ABOUT THIS EXERCISE. Wherever an image appears in the data, omit it and copy all the remaining text word for word.
====== DATA BLOCK ======
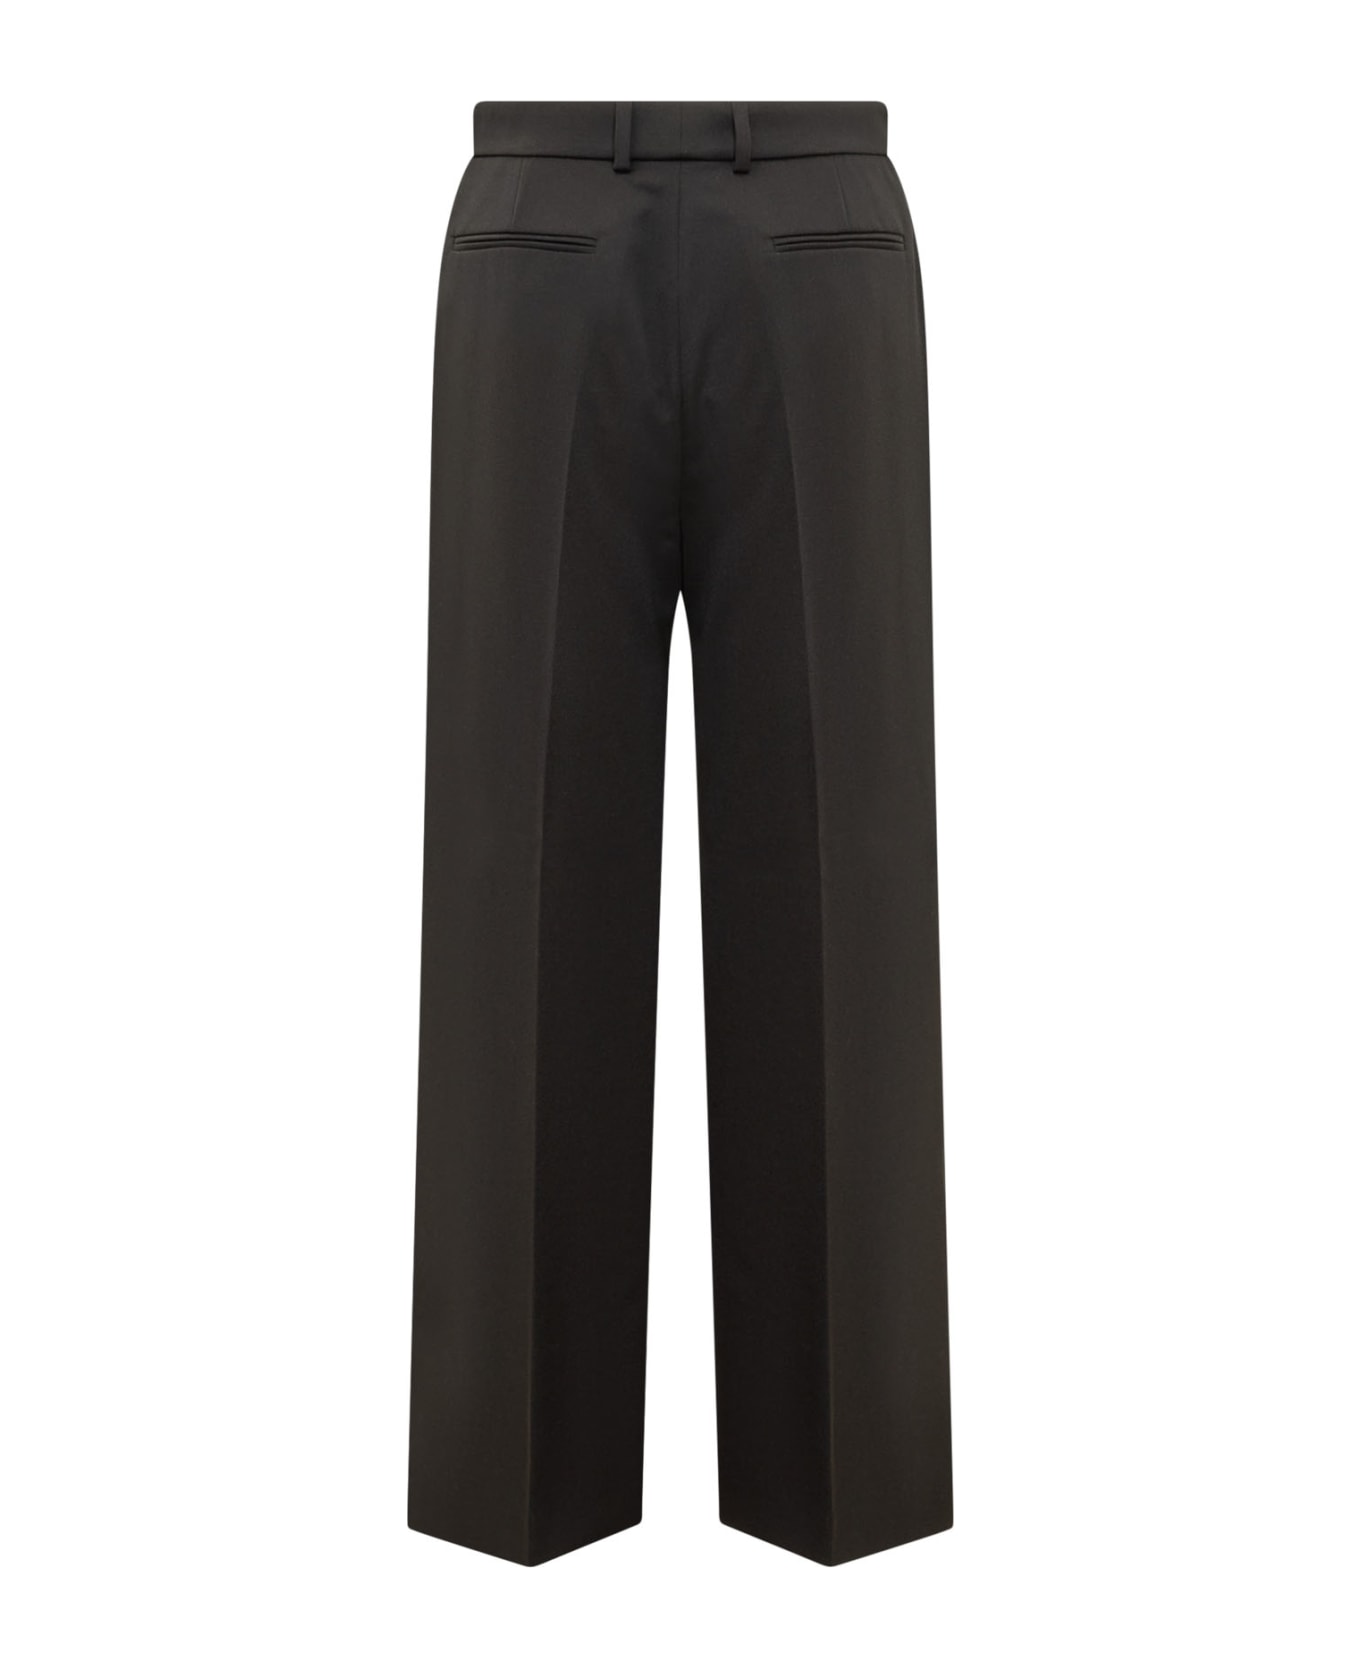 Lanvin Tailored Pants - Black
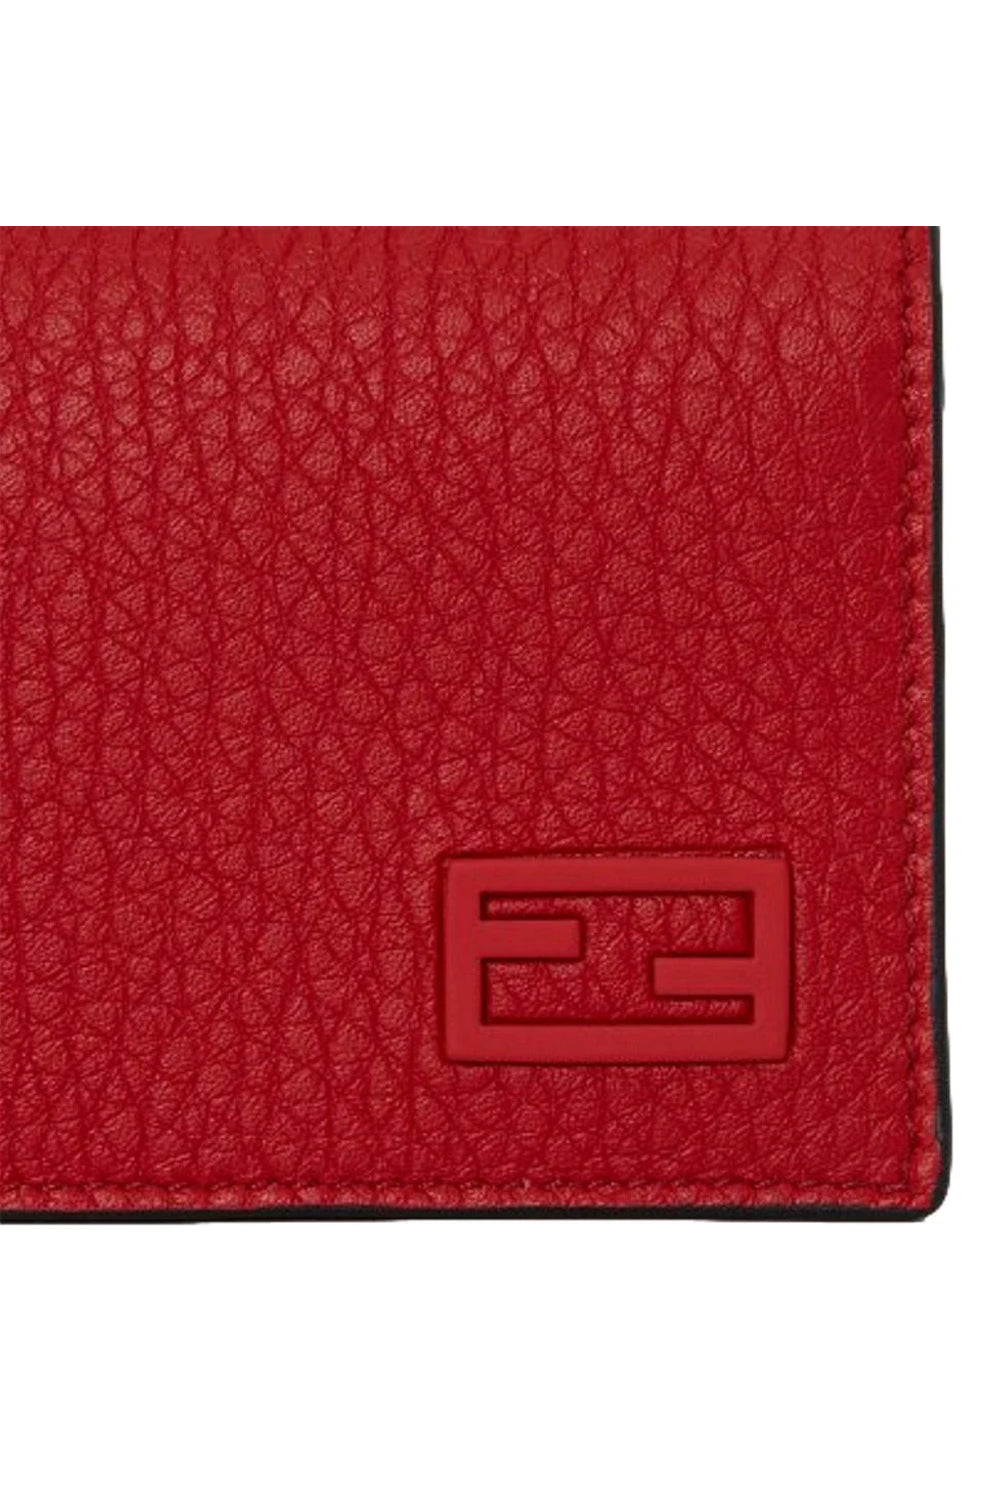 Fendi Red Grained Leather Baguette Logo Card Case Wallet
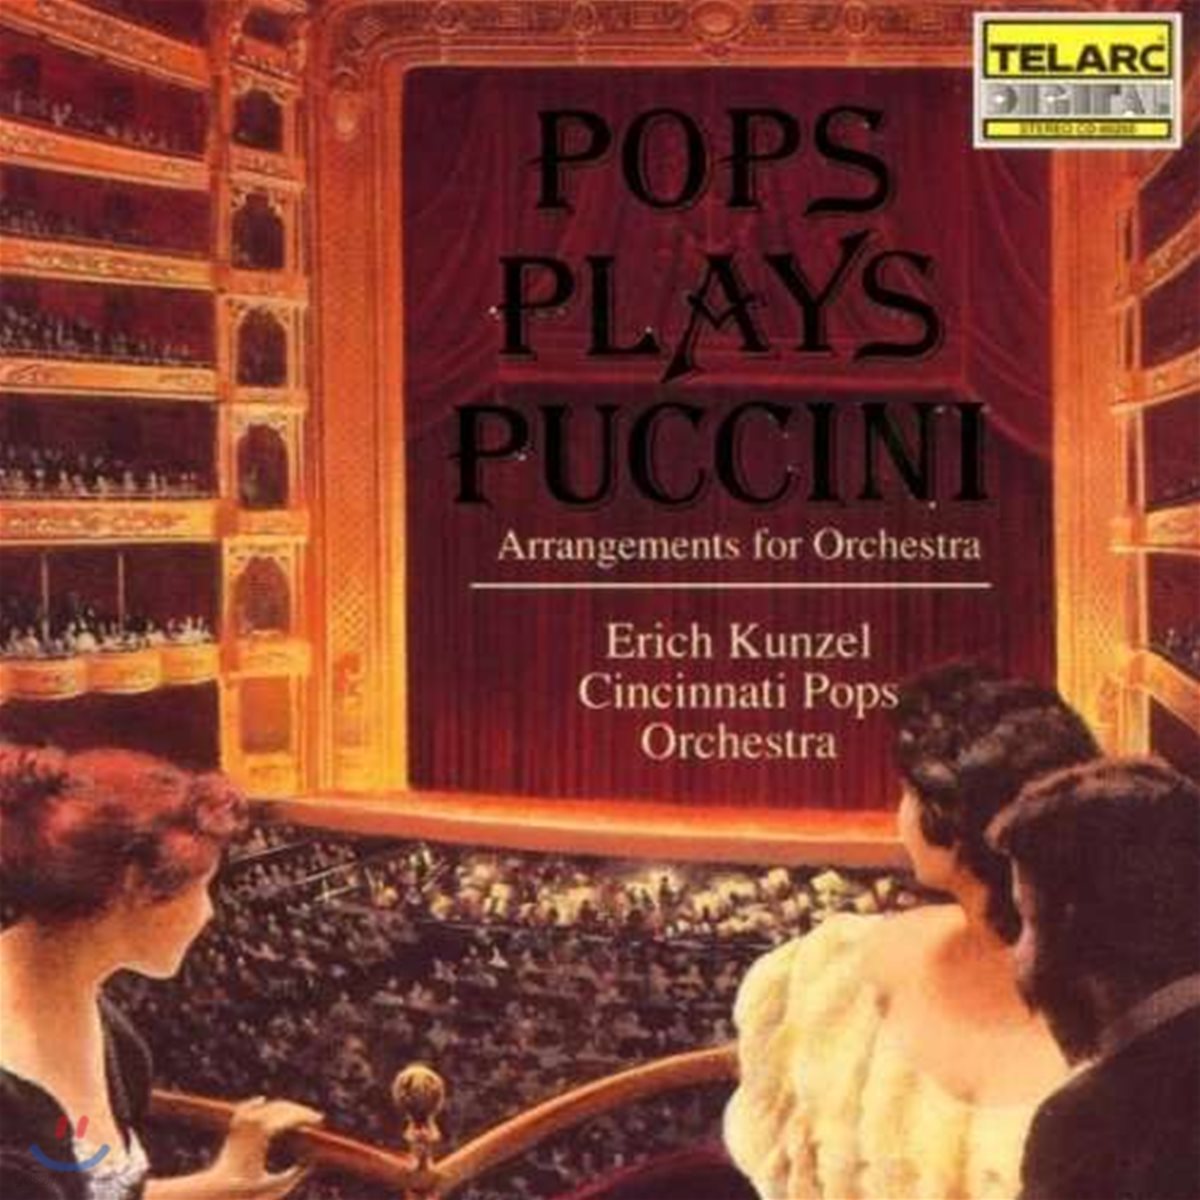 Erich Kunzel 신시내티 팝스가 연주하는 푸치니 [관현악 편곡 연주] (Cincinnati Pops Plays Puccini)
======
RESULT OF THE EXERCISE.
 Lanvin Tailored Pants - Black
 Fendi Red Grained Leather Baguette Logo Card Case Wallet
 Erich Kunzel 신시내티 팝스가 연주하는 푸치니 [관현악 편곡 연주] (Cincinnati Pops Plays Puccini)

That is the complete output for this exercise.